Музыкант закивал, а в голове Арминаса по кругу звучало:
«Ты во всём виновата! Ты во всём виновата! Ты!»
Примечание к части Песни:
"Муки совести" театр "Седьмое утро"
"Дуэт Карла и Изабеллы" из мюзикла "Жанна д'Арк"
Пой свою мерзость
Заперев двери и плотно зашторив окна, оказавшись днём практически в полной темноте, Аклариквет сел за стол и, схватившись за голову, закрыл уши ладонями. Желание спрятаться от всего мира заставляло паниковать, мысли метались, сердце билось неровно. Снова встав, менестрель резко сжал в трясущихся пальцах перо и бумагу. Почему-то захотелось написать письмо Зеленоглазке, хоть певец и не был уверен, что отправит послание. Но даже если тенгвам суждено сгореть в огне свечи, отчаявшийся эльф всё же поделится измотавшими чувствами с безразличным листком и чернилами. Должно стать легче.

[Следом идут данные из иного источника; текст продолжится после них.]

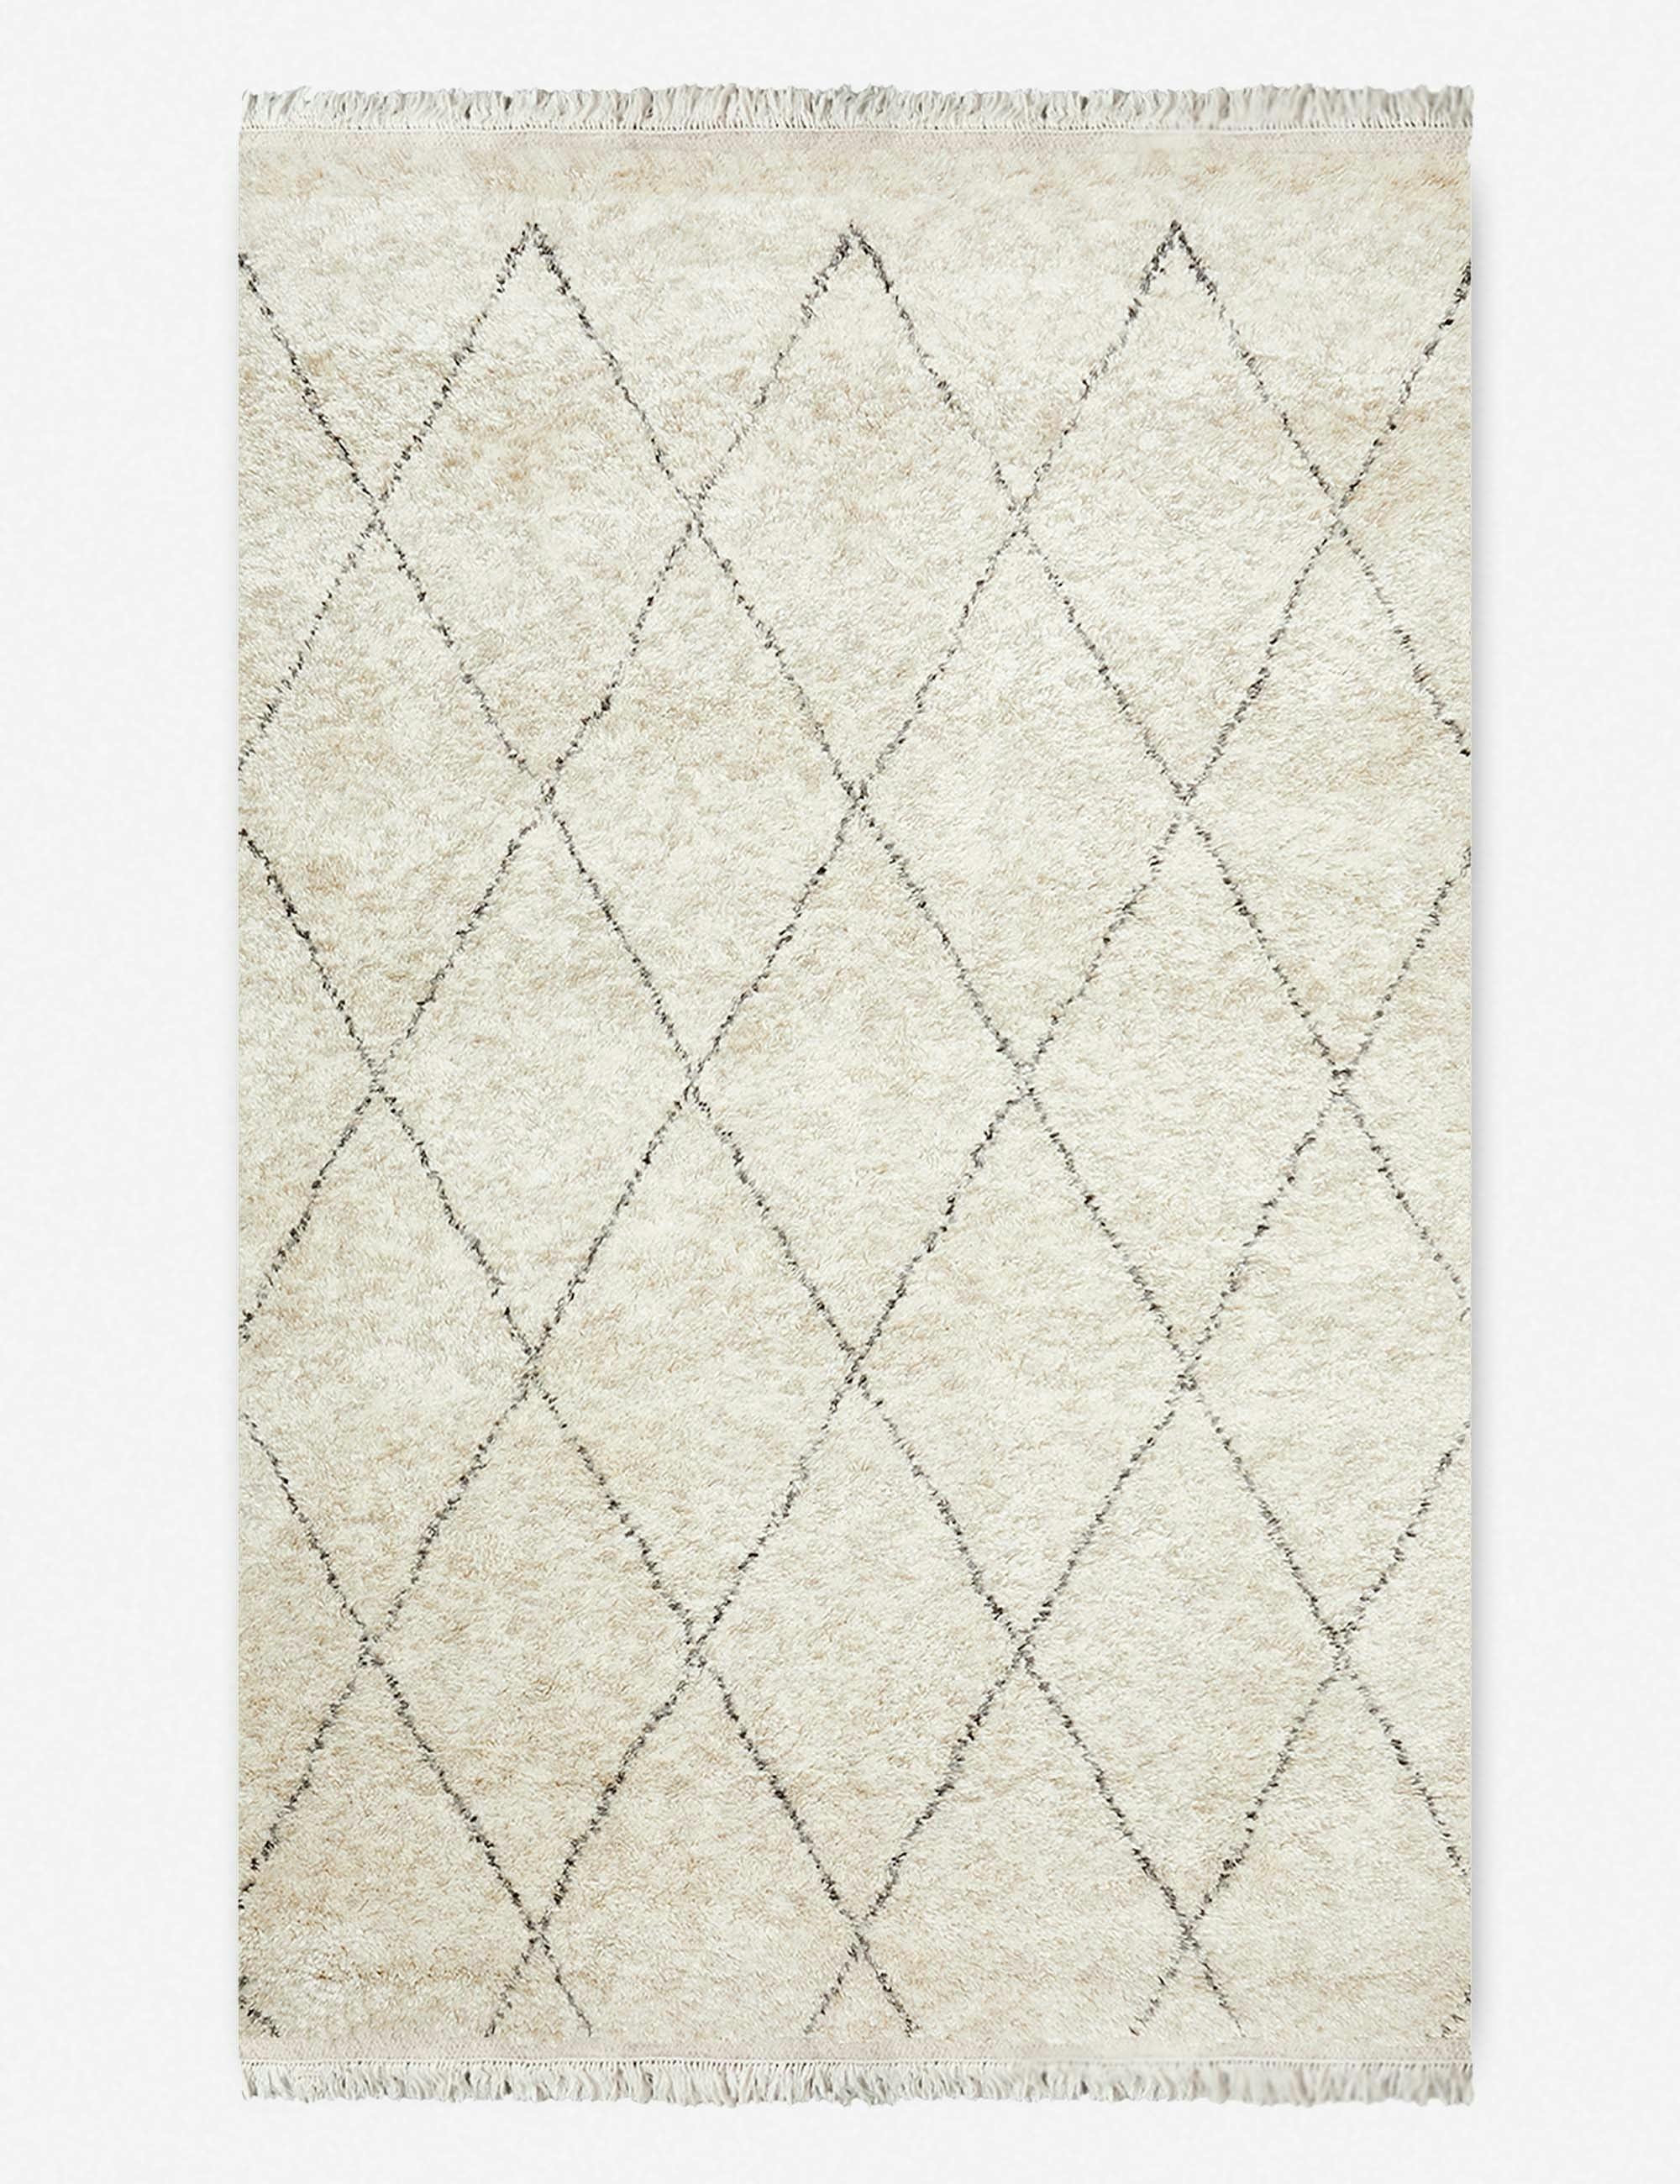 Ivory Wool-Viscose Blend Hand-Knotted Moroccan Shag Rug - 8' x 10'

Долго выбирая слова, с которых начать текст, разрываясь между именем, обращением «Подруга», «Дорогая подруга» и «Незаменимая помощница», Аклариквет в конце концов остановился на простом «Здравствуй». Когда перо вывело необходимые тэнгвы, менестрель вдруг почему-то поднял глаза на давно молчавшую арфу.
Аклариквет вспомнил взгляд принца Финдекано, расстававшегося со своим инструментом.
«Теперь это твоё, — выдавил из себя будущий герой Астальдо, отпуская руки от резной деки. — Навсегда. Её имя Вредина, — вдруг рассмеялся сын того, кому ещё только предстояло обрести титул верховного нолдорана, — или Загогулина. Мне подарили её, когда я был ребёнком, поэтому и назвал так… Глупо. Она же меня не слушалась, я обижался. Это приказ твоего принца — бери! И… Не попадайся мне, когда я вооружён, и рядом никого нет. Иди! Пой свою мерзость, пока я не передумал».
От вставших перед мысленным взором картин стало больно и тяжело на сердце. Менестрель короля вздохнул — он долгое время не представлял, как можно отдать кому-то свой инструмент, и когда подарил арфу-лебедь племянницам, ощутил себя так, словно оторвал часть души. Теперь девочки разорвали связь с дядей, не сумевшим защитить их от гнева принца Финдекано, и Аклариквет всё чаще со стыдом ловил себя на мысли, что беспокоится больше об альквалондском инструменте, чем о родственницах, которые о себе позаботиться могут сами, в отличие от арфы.
Ужасно! Но себя не изменить.
Отложив листок и перо, певец подошёл к Загогулине, стоявшей на полке в одном ряду с другими инструментами, далеко не столь ценными, однако звучавшими со сцены, путешествовавшими с концертами по Хитлуму и в Дор-Ломин. Это выглядело чудовищной несправедливостью по отношению к дару принца, и руки сами собой взялись за изящную деку.
«Пой свою мерзость!»
«Вильварин!» — неожиданно окликнул голос из далёкого детства, менестрель содрогнулся от мерзкого воспоминания — разговора в тюрьме с орком, после которого морготов раб лишился разума, а сам певец — последних крох чести. Тогда Аклариквет вспомнил родителей, порадовался, что никто из них не видит, в какое чудовище превратился сын Мотылёк.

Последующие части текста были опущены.